Necromancy at work here. But I was advised that this was OK if I have something meaningful to say. Which I do. (I hope)

there is however a limited size you can make this as the bomb tends to blow itself apart before it has all ignited.

Yep. I believe only about 4% of a simple Uranium or Plutonium bomb is fissioned before the bomb had undergone 'self-disassembly'...

Practical efficiency of a fission bomb is about 25% but is usually less. The Fat Man plutonium bomb used on Nagasaki had an efficiency of about 17%. The Little Boy uranium bomb used on Hiroshima was very inefficient and had an efficiency of about 1.4%.

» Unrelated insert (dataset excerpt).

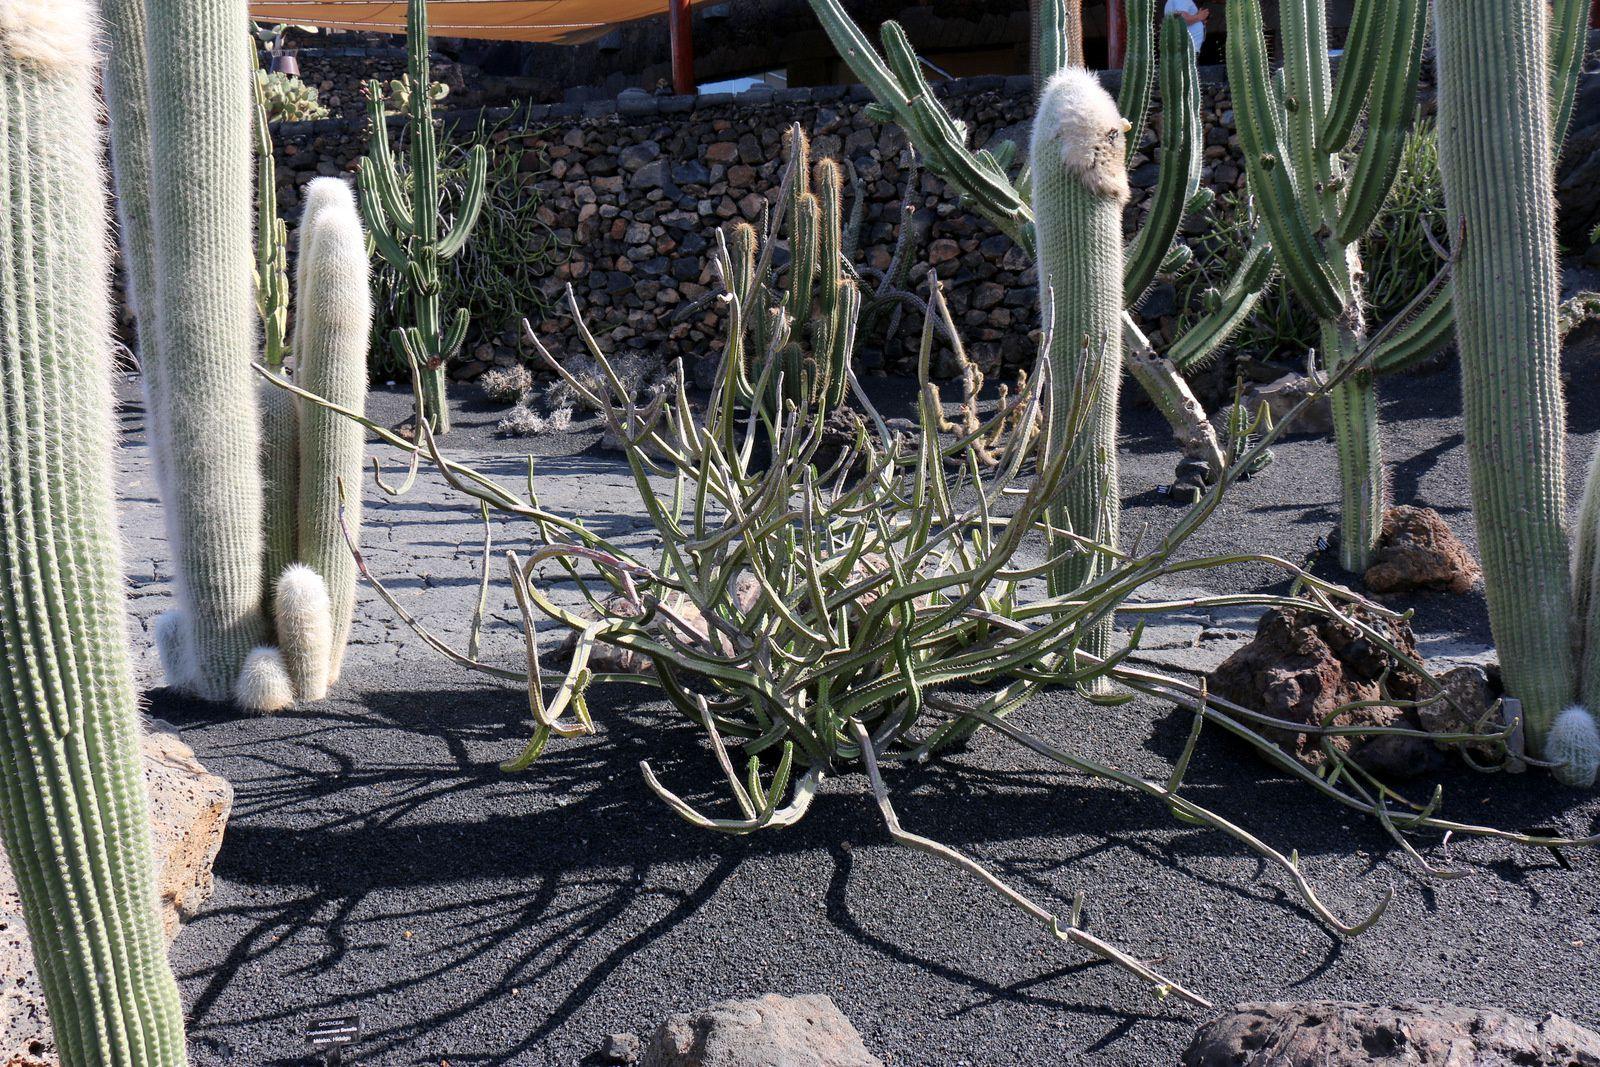 Le jardin de cactus, Lanzarote (Canaries)

The much greater efficiency of Fat Man was due to:

@ The use of plutonium, with its much higher spontaneous fission rate

@ The faster assembly and greater compression of the implosion design versus the Little Boy gun design

@ The natural uranium (unseparated isotopes) tamper that helped slow the expansion of the plutonium undergoing fission, increasing efficiency, and by absorbing neutrons, converting some of the U-238 to Pu-239 (or even fast fissioning Pu-240) which then underwent fission when more neutrons were absorbed, along with the small U-235 component.

Before developing the true hydrogen bomb, there was the boosted fission design that added lithium 7 deuteride to the stew. The lighter atoms helped slow down the neutrons that were flying around to make them more readily absorbed by the plutonium. In addition, lithium is a rare case of a nucleus sensitive to high temperate (about 100,000 K) then breaking up into 2 atoms of tritium and a neutron. Some of the tritium and deuterium will undergo fusion releasing some energy and more neutrons. All these extra neutrons will lead to more plutonium undergoing fission, boosting yield.

Fusion bombs only work at very high temperature conditions, so generally use the x-rays released by a fission explosion to give conditions for 'ignition'. The bigger bombs have a layer of fissionable material outside the fusion bomb to increase the yield so you get a fission->fusion->fission explosion. Not sure if the biggest bomb dropped in the atmosphere (Soviets, 47Megatonnes TNT-equivalent) was this type or not but if gives you a feel for it - 3000 times the 15 kilotonnes explosion at Hiroshima.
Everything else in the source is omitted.